** Opening Stored data block **

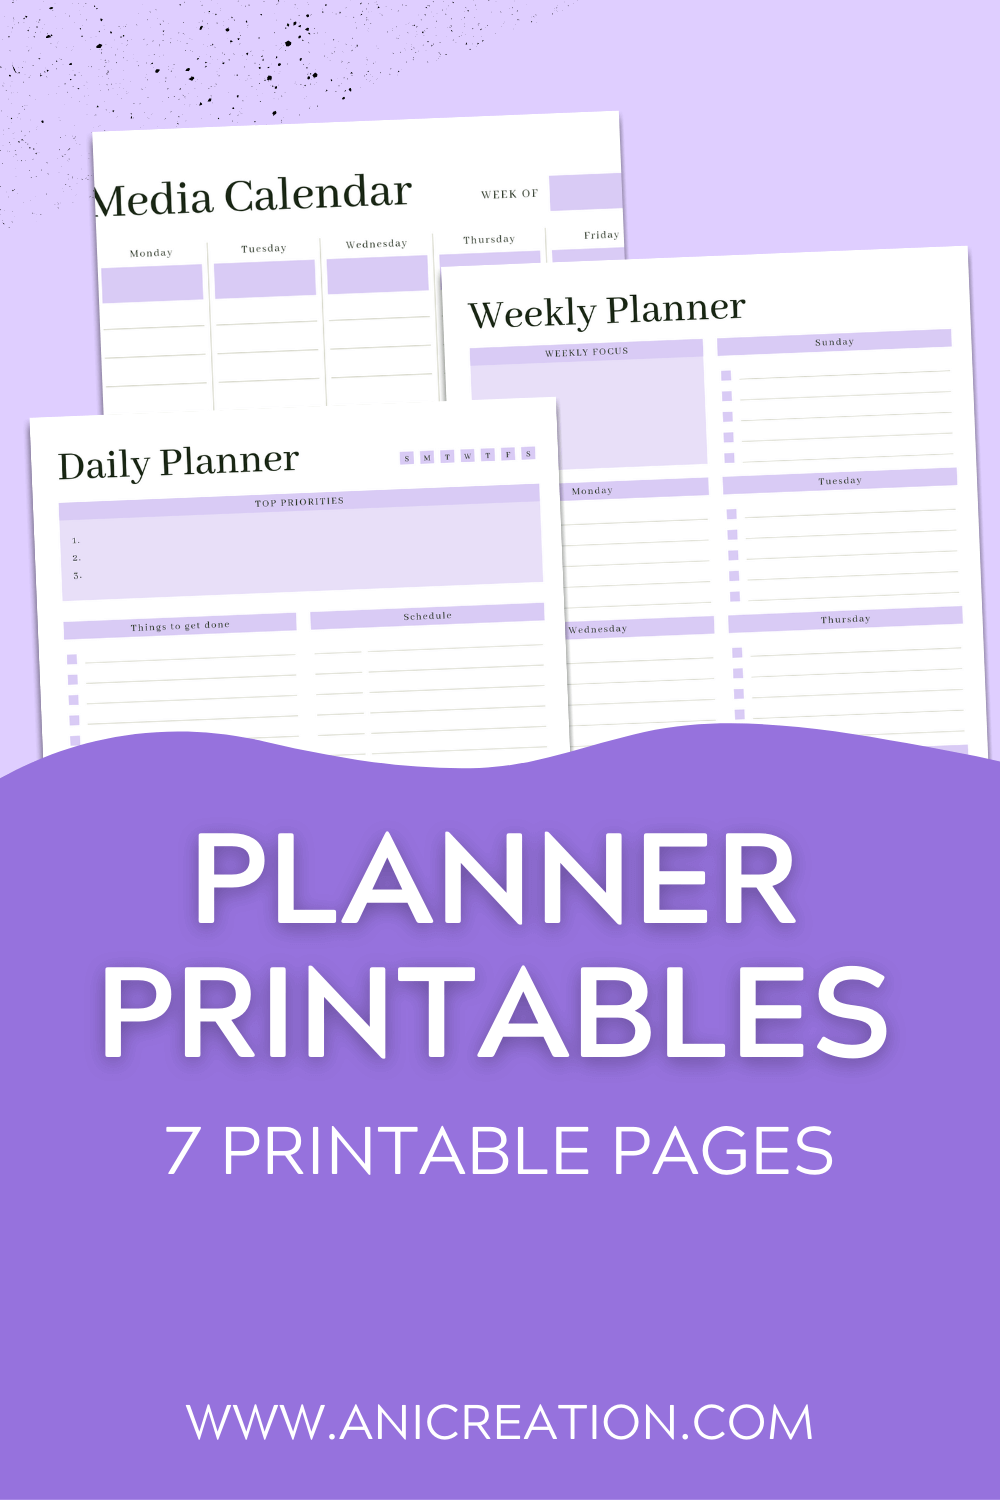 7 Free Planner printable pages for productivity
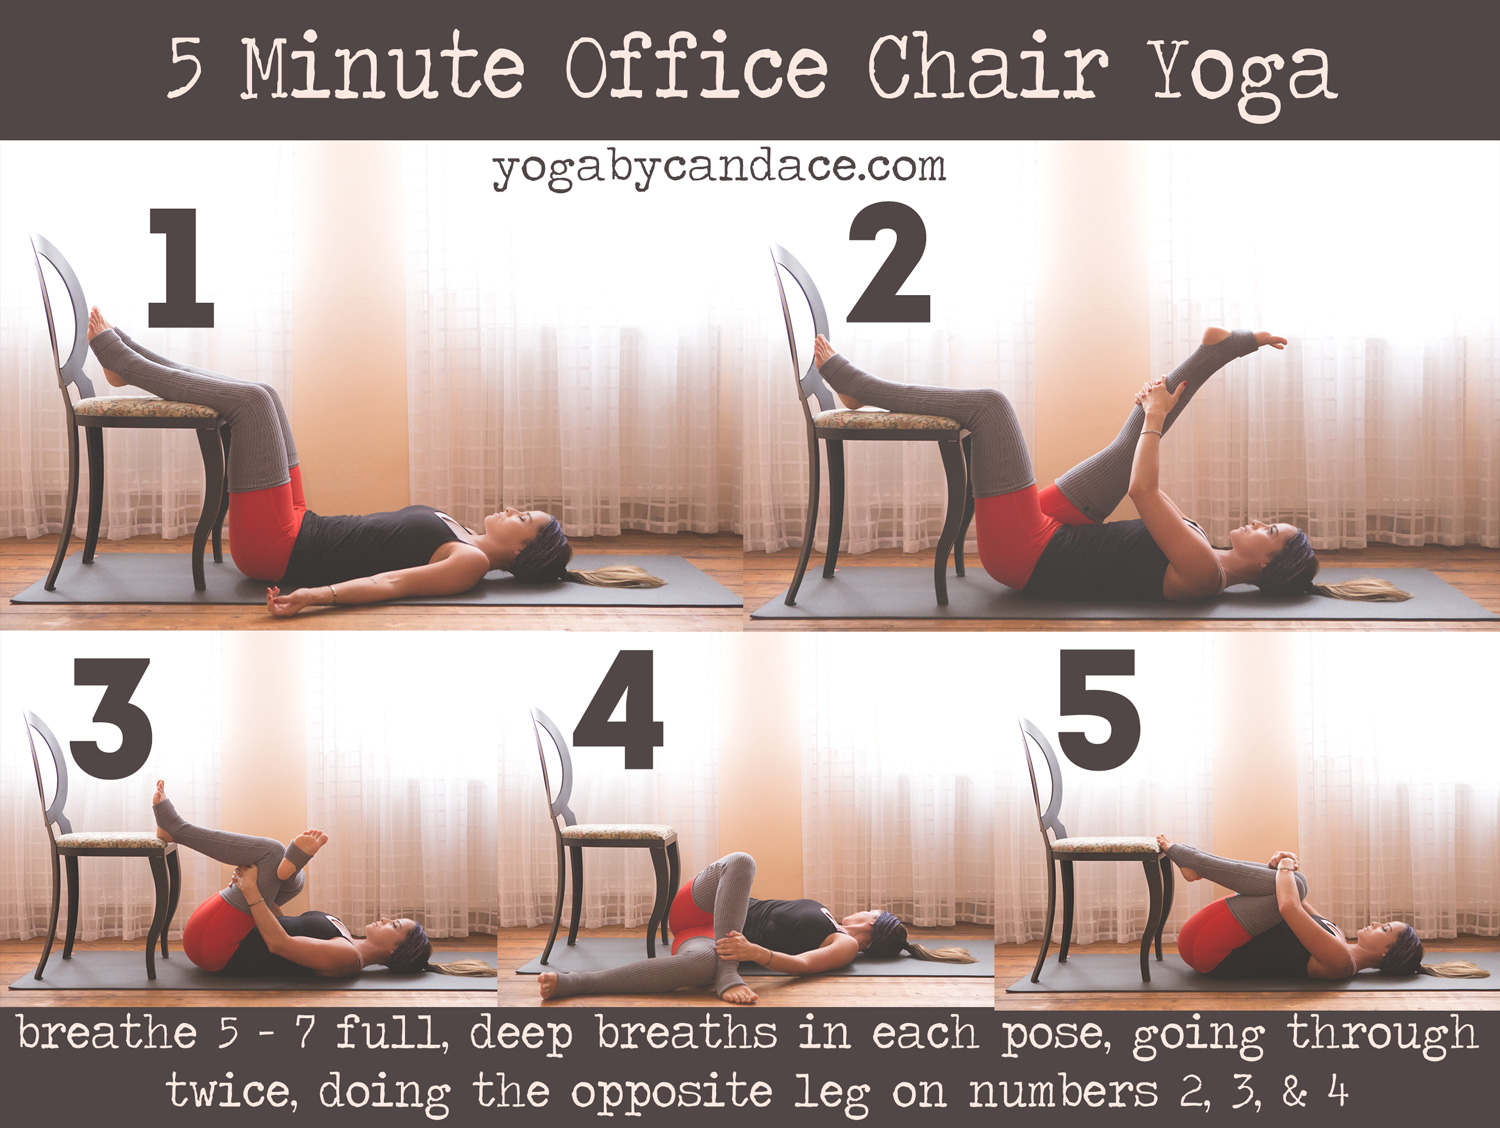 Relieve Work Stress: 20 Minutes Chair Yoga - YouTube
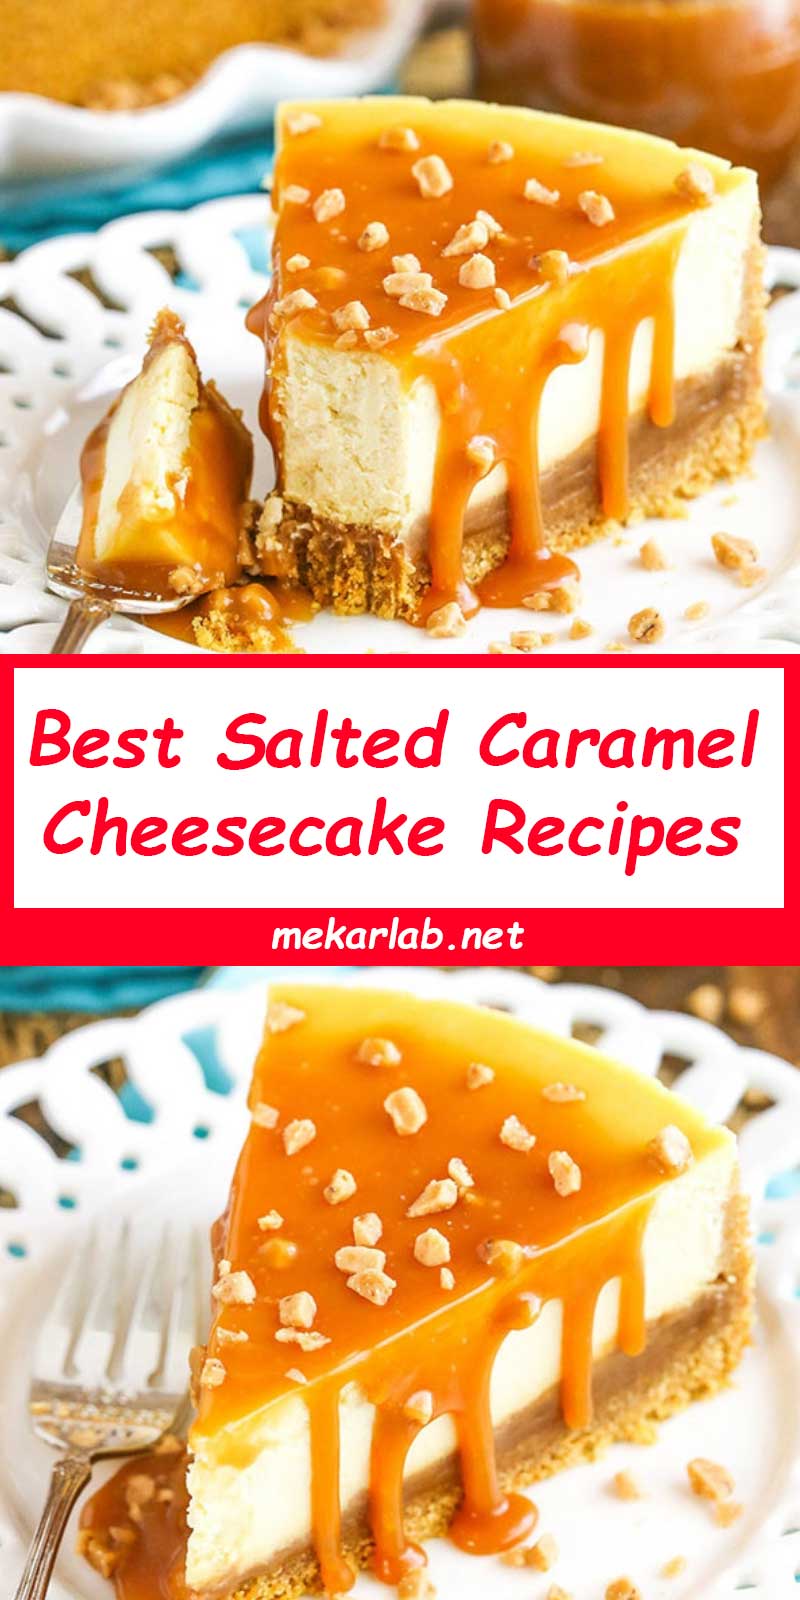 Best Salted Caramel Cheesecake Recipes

** Closing Stored data block **

# Goal of the exercise
Once more, please print the whole listing exactly, omitting each image.

# Solution to the exercise
 7 Free Planner printable pages for productivity
 Relieve Work Stress: 20 Minutes Chair Yoga - YouTube
 Best Salted Caramel Cheesecake Recipes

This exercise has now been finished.